Opinion
94798.
Decided and Entered: April 22, 2004.
Appeal from a decision of the Workers' Compensation Board, filed January 14, 2003, which, inter alia, ruled that claimant sustained a compensable injury.
Hogan Sarzynski L.L.P., Binghamton (James A. Gregory of counel), for appellant.
Hinman, Howard Katell, Binghamton (Terence P. Gallagher of counsel), for Toni Walker, respondent.
Eliot Spitzer, Attorney General, New York City (Howard B. Friedland of counsel) for Workers' Compensation Board, respondent.
Before: Peters, J.P., Spain, Mugglin, Lahtinen and Kane, JJ.
MEMORANDUM AND ORDER
Claimant, an elementary school teacher, injured her knee while volunteering as a stage hand for a high school play that was produced, supervised and performed on property owned by her self-insured employer. The employer contested claimant's bid for workers' compensation benefits on the grounds that it had not received adequate notice pursuant to Workers' Compensation Law § 18 and, further, that claimant's voluntary participation in the play was not sufficiently work-related to establish a compensable claim. Following several hearings, a Workers' Compensation Law Judge (hereinafter WCLJ) disallowed the claim after determining that claimant's oral notification of her injury on the day of the accident, given to play director Margaret Smith, did not constitute proper notice under Workers' Compensation Law § 18. The WCLJ further noted that the employer was not actually notified of claimant's accident until more than three months after its occurrence, when claimant informed the employer's account clerk of the incident and requested to fill out an accident report. The Workers' Compensation Board reversed, concluding that claimant's oral notification to Smith was sufficient and determining that the employer's involvement with the play rendered it a covered event under the Workers' Compensation Law. The employer appeals.
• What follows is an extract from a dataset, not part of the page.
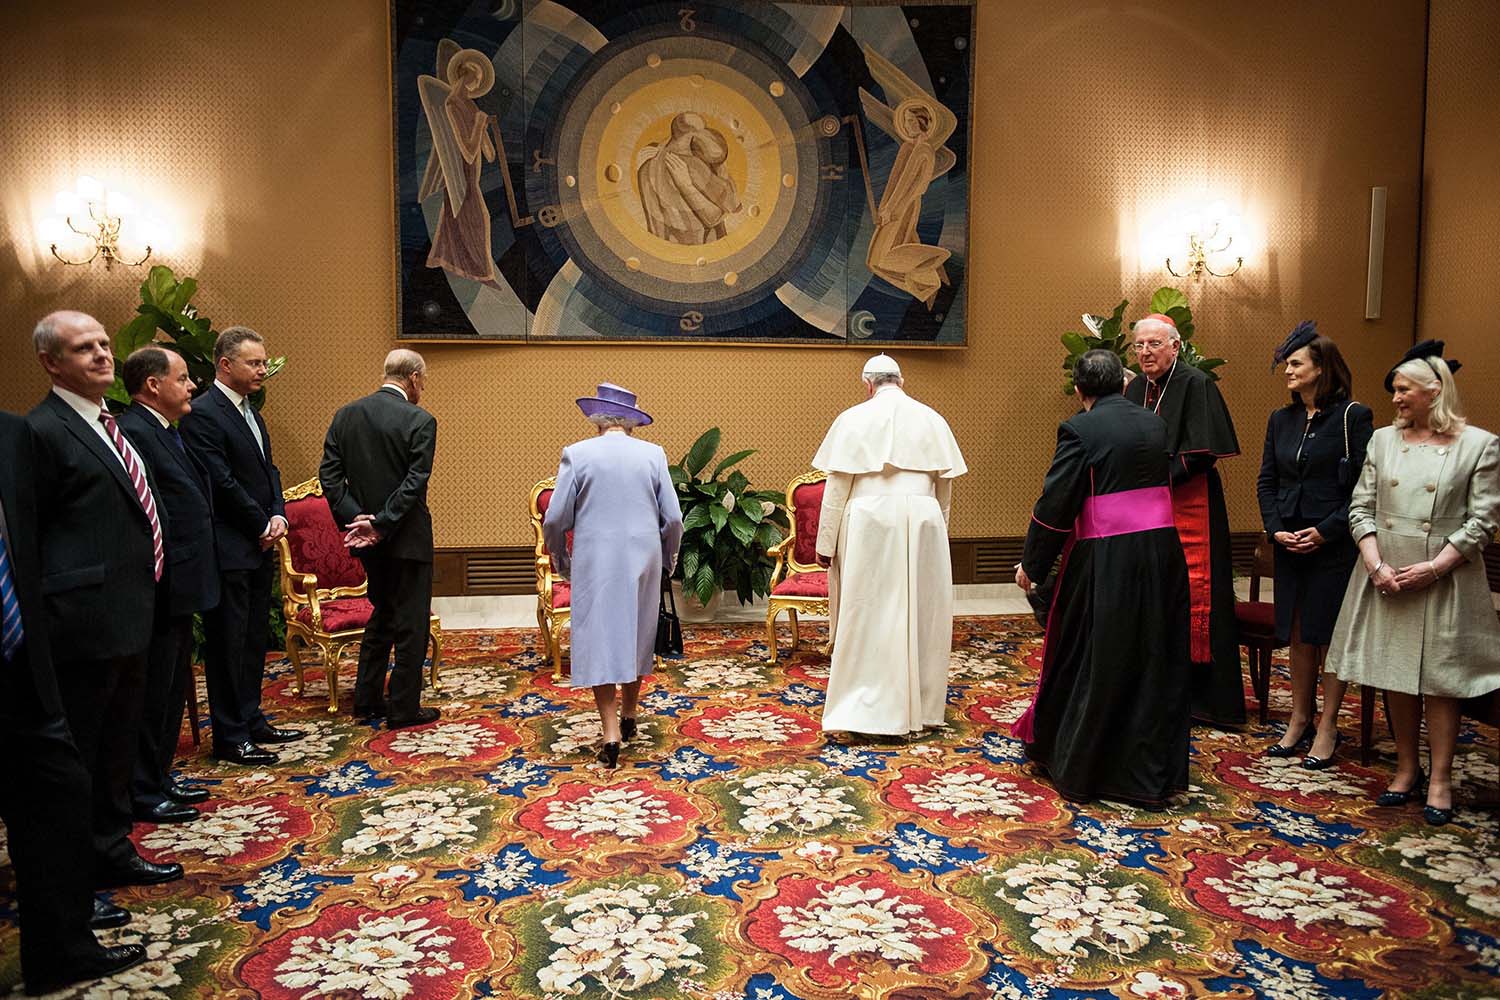 Apr. 3, 2014. H.M Queen Elisabeth and Prince Philip, Duke of Edinburgh meet Pope Francis at the Vatican.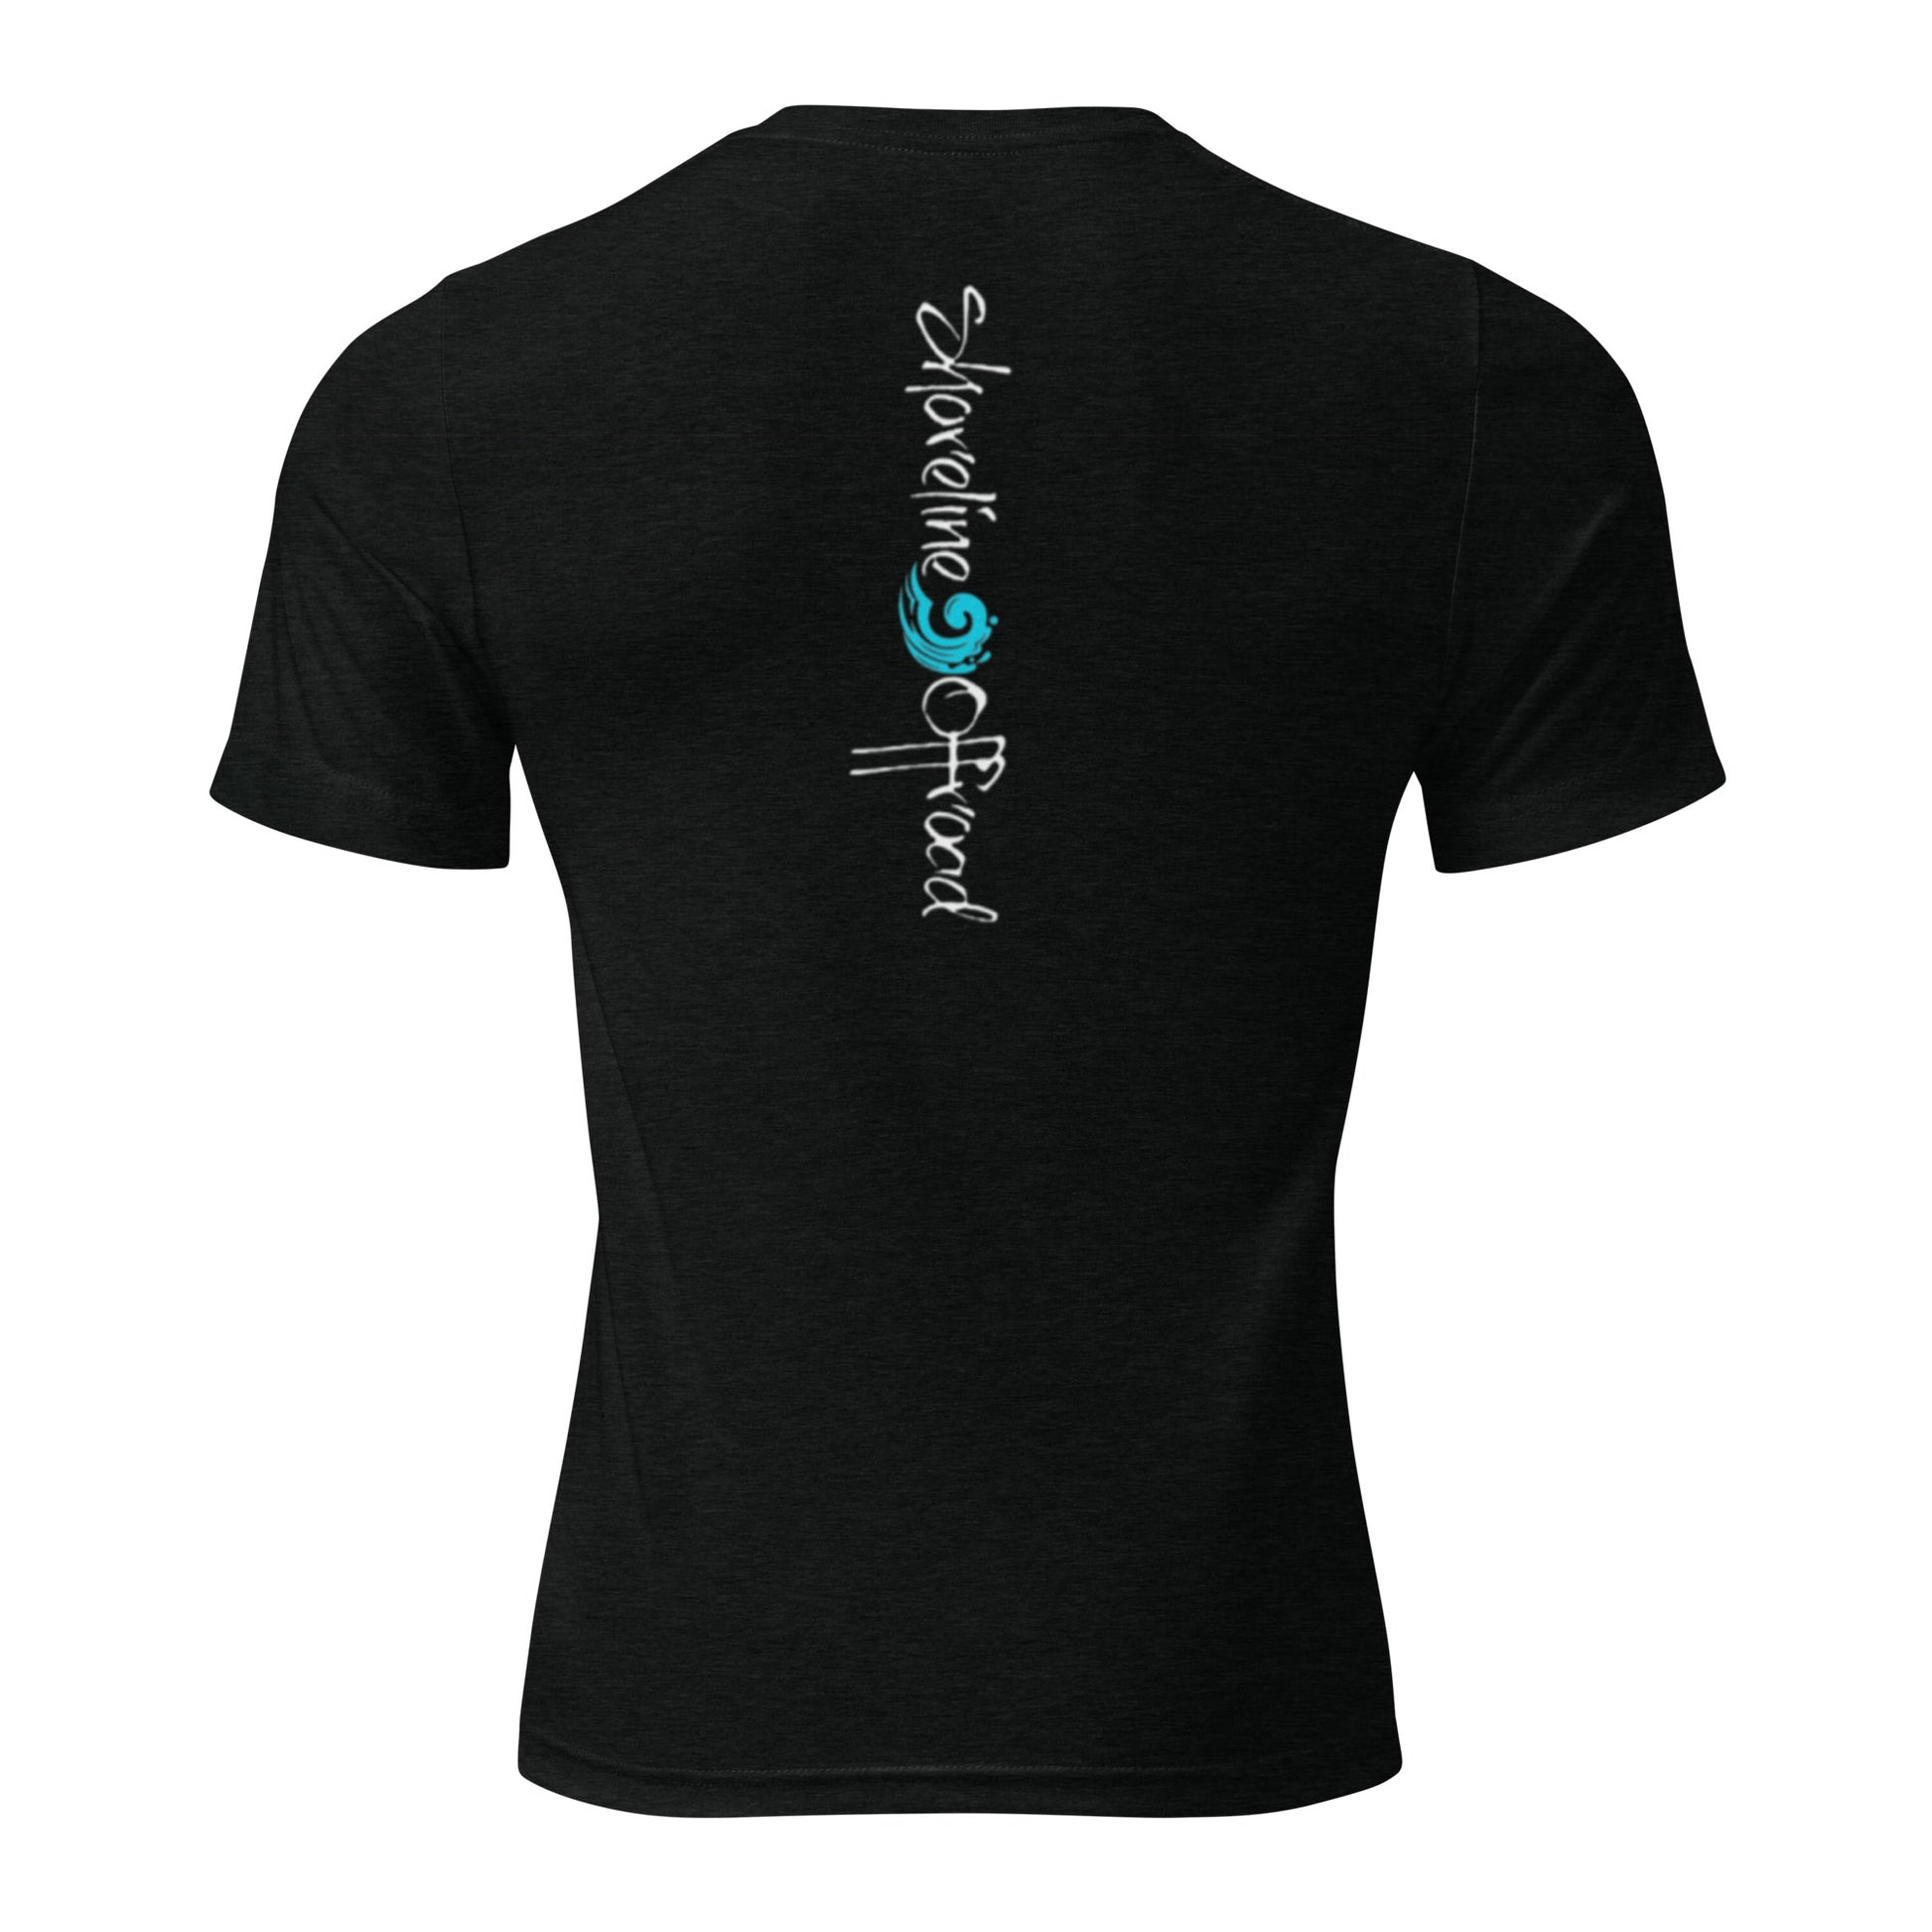 the back of a black shirt with a blue and green logo

We affirm. The Board's determinations in regard to the sufficiency of claimant's oral notice, as well as its disagreement with the WCLJ as to the credibility of claimant's testimony, were within its exclusive province and we decline to disturb it (see Matter of Schley v. North State Supply, 309 A.D.2d 1092, 1093; Matter of White v. Dean's Food Vegetable Co., 288 A.D.2d 649; Matter of Carbone v. Richmond Home Needs Servs. Corp., 74 A.D.2d 668, 669; Matter of Kenny v. Nassau County, 58 A.D.2d 696, 696). We also conclude that the Board properly found a causal relationship between claimant's employment and her injury (see Matter of Richardson v. Fiedler Roofing, 67 N.Y.2d 246, 249; Matter of Tedesco v. General Elec. Co., 305 N.Y. 544;Matter of Pedro v. Village of Endicott, 307 A.D.2d 598, 599, lv dismissed 1 N.Y.3d 546).
Peters, J.P., Spain, Mugglin and Kane, JJ., concur.
ORDERED that the decision is affirmed, with costs to claimant.